**PROBLEM DESCRIPTION**
Look below for the line containing "Maybelline Superstay Vinyl" and the line containing "Early 20th Century", then set down both and every line between them exactly, without pictures.

**ENTRIES SUPPLIED**
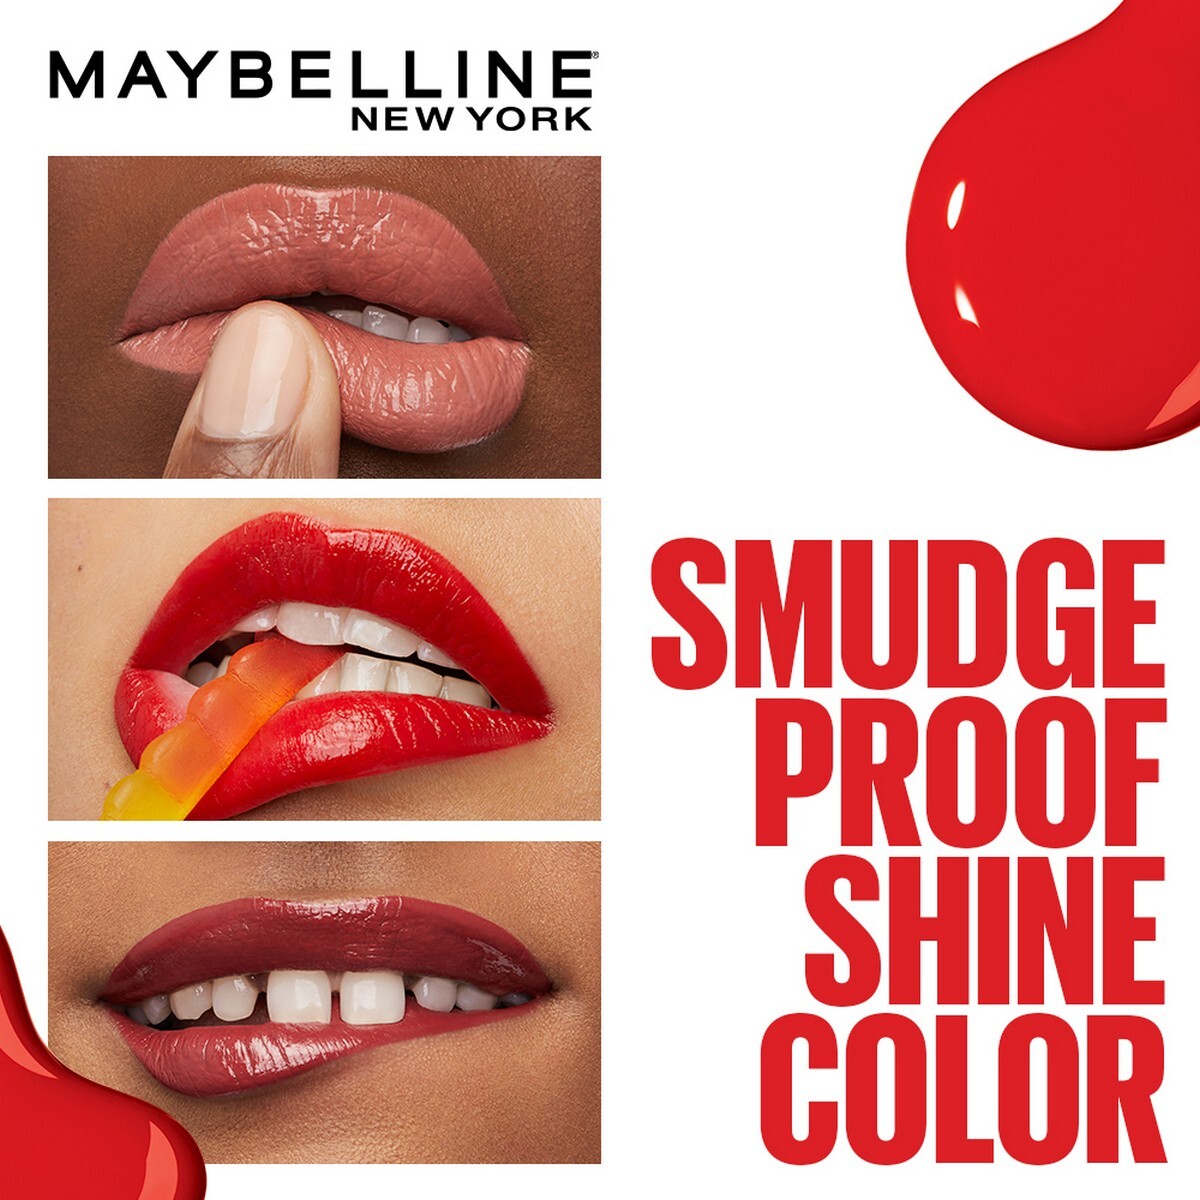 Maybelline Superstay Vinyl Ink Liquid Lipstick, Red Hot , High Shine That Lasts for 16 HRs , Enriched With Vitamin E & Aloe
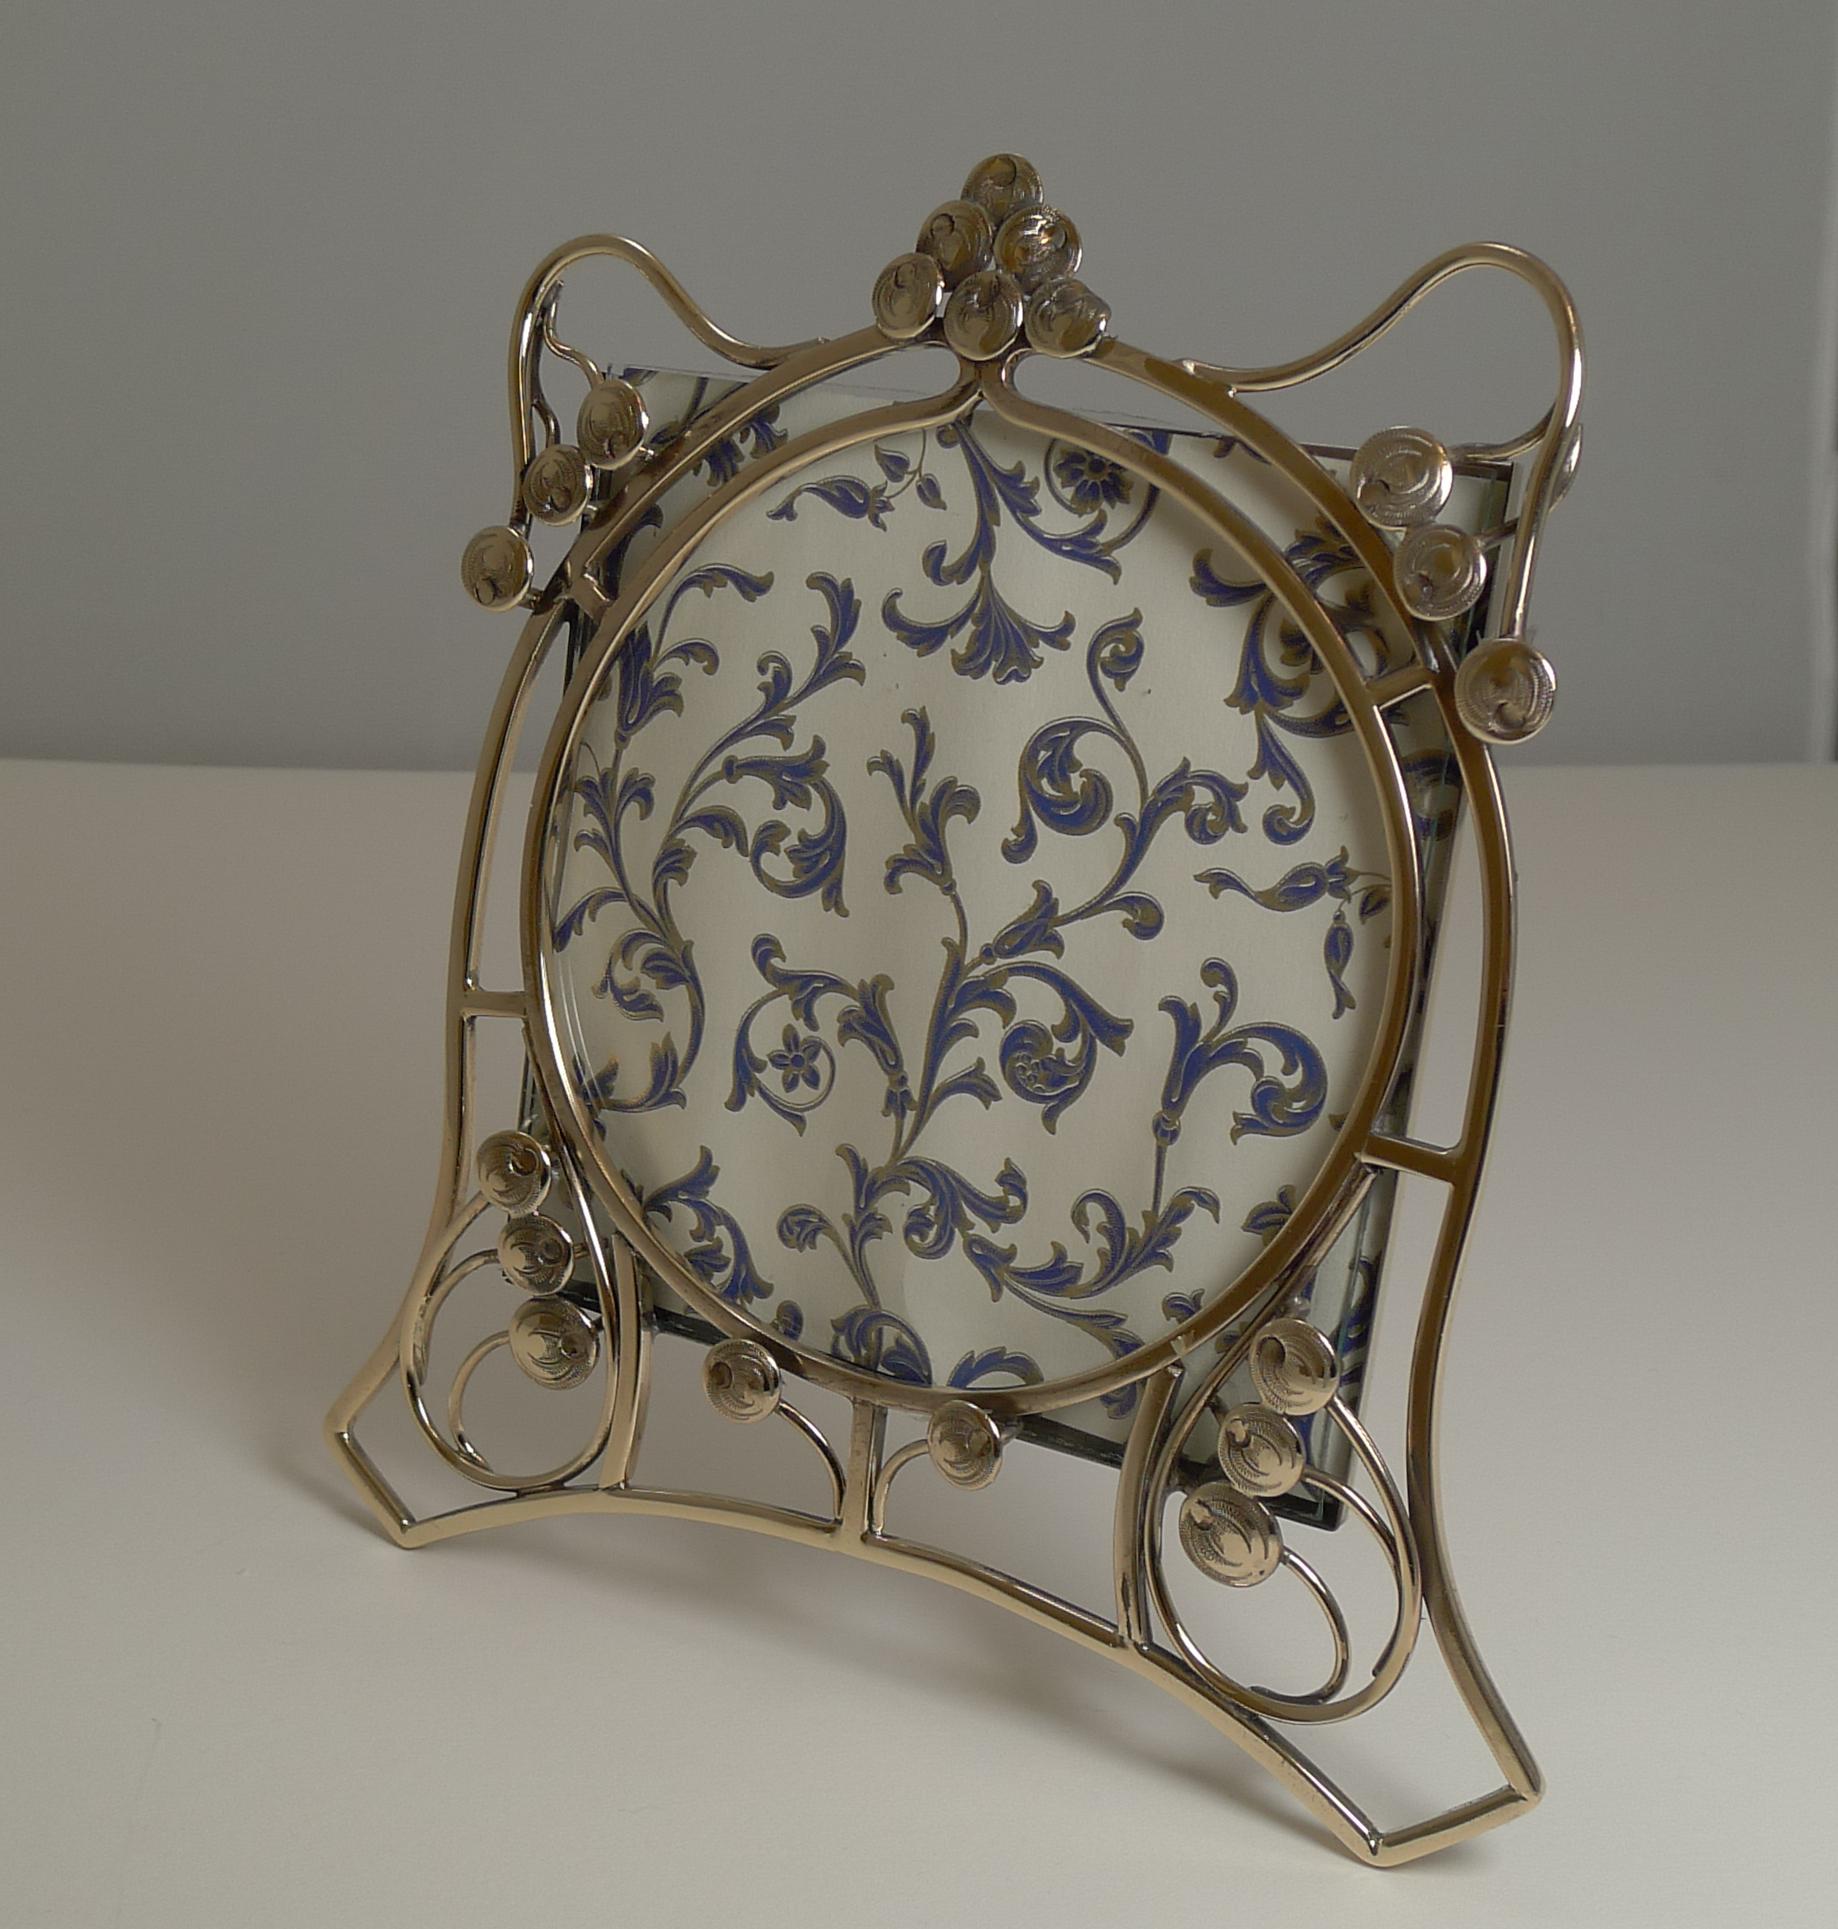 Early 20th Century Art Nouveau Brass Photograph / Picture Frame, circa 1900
...
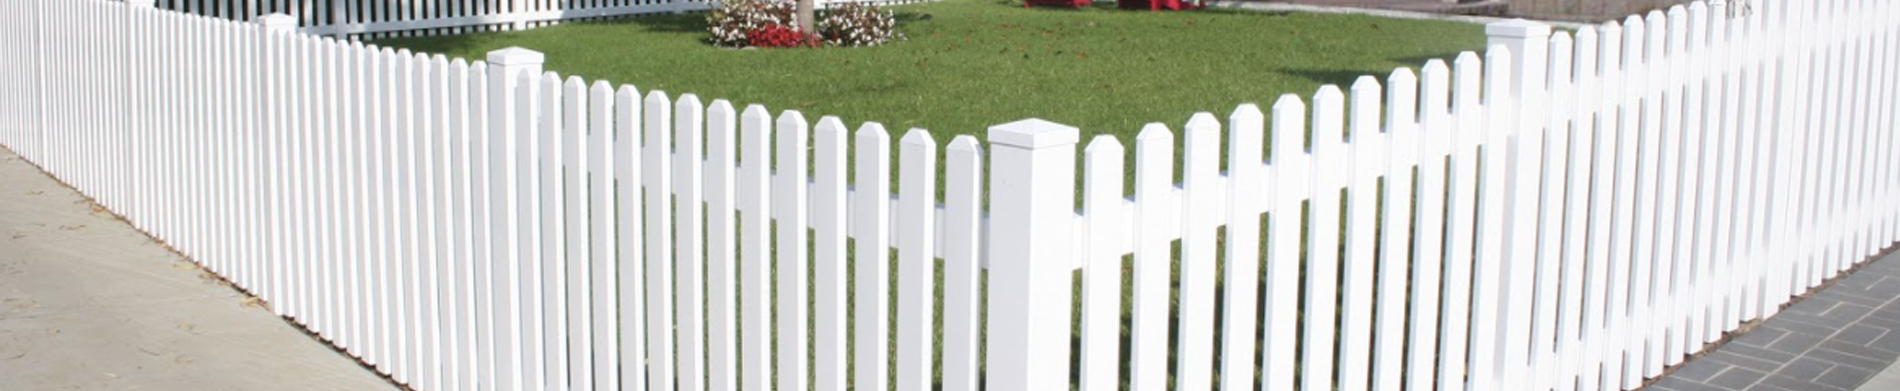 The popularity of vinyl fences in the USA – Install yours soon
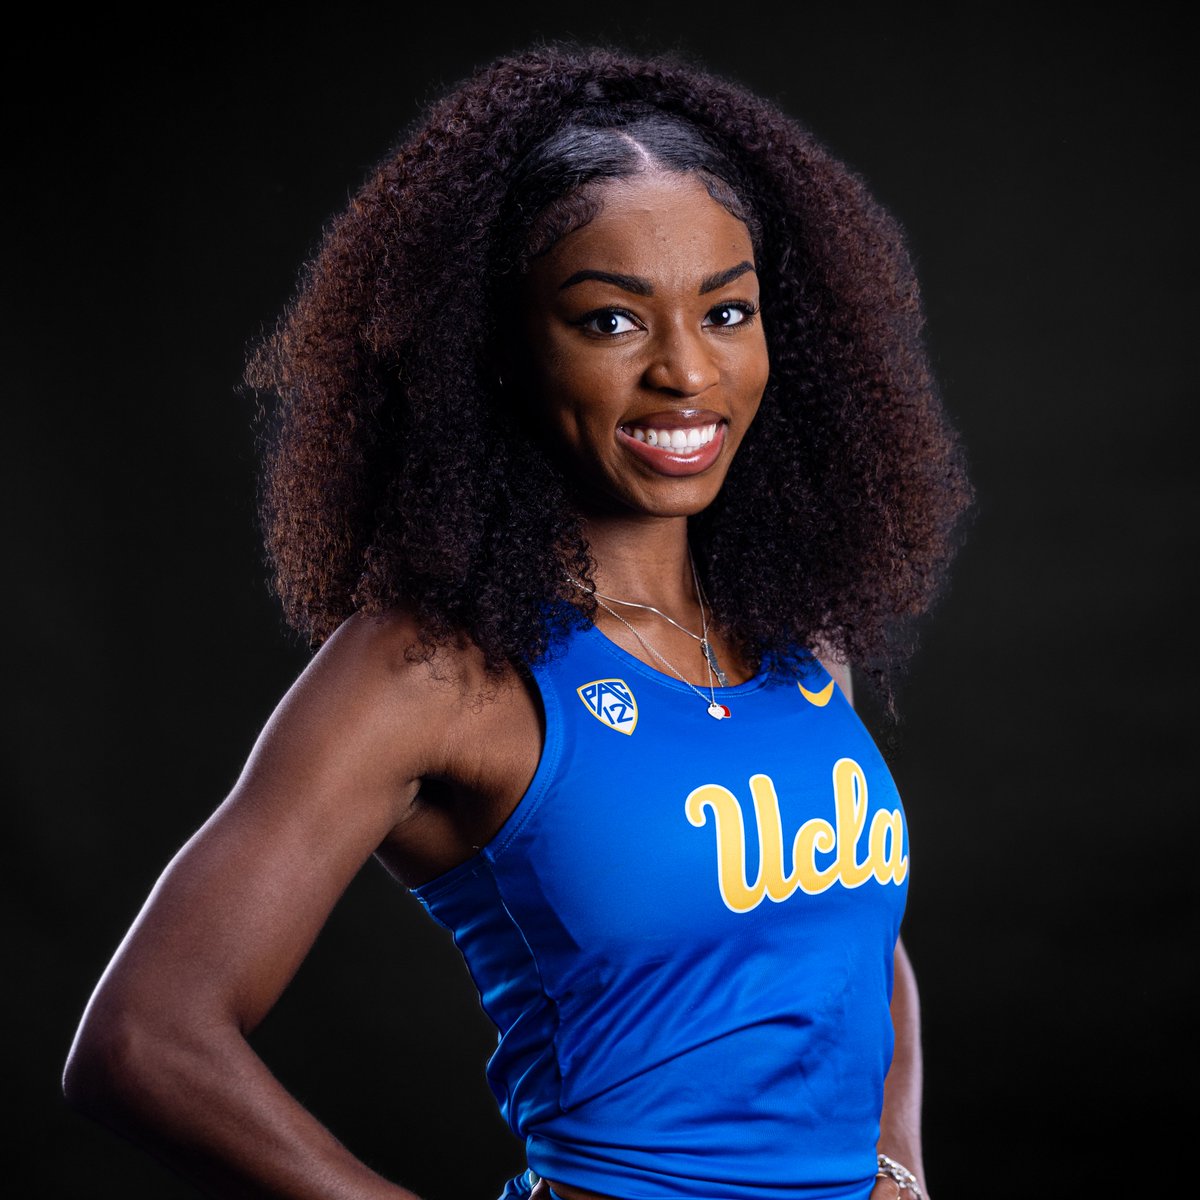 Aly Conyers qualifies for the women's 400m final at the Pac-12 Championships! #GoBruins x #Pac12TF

**OUTPUT FOR THIS EXERCISE**
 Maybelline Superstay Vinyl Ink Liquid Lipstick, Red Hot , High Shine That Lasts for 16 HRs , Enriched With Vitamin E & Aloe
 Early 20th Century Art Nouveau Brass Photograph / Picture Frame, circa 1900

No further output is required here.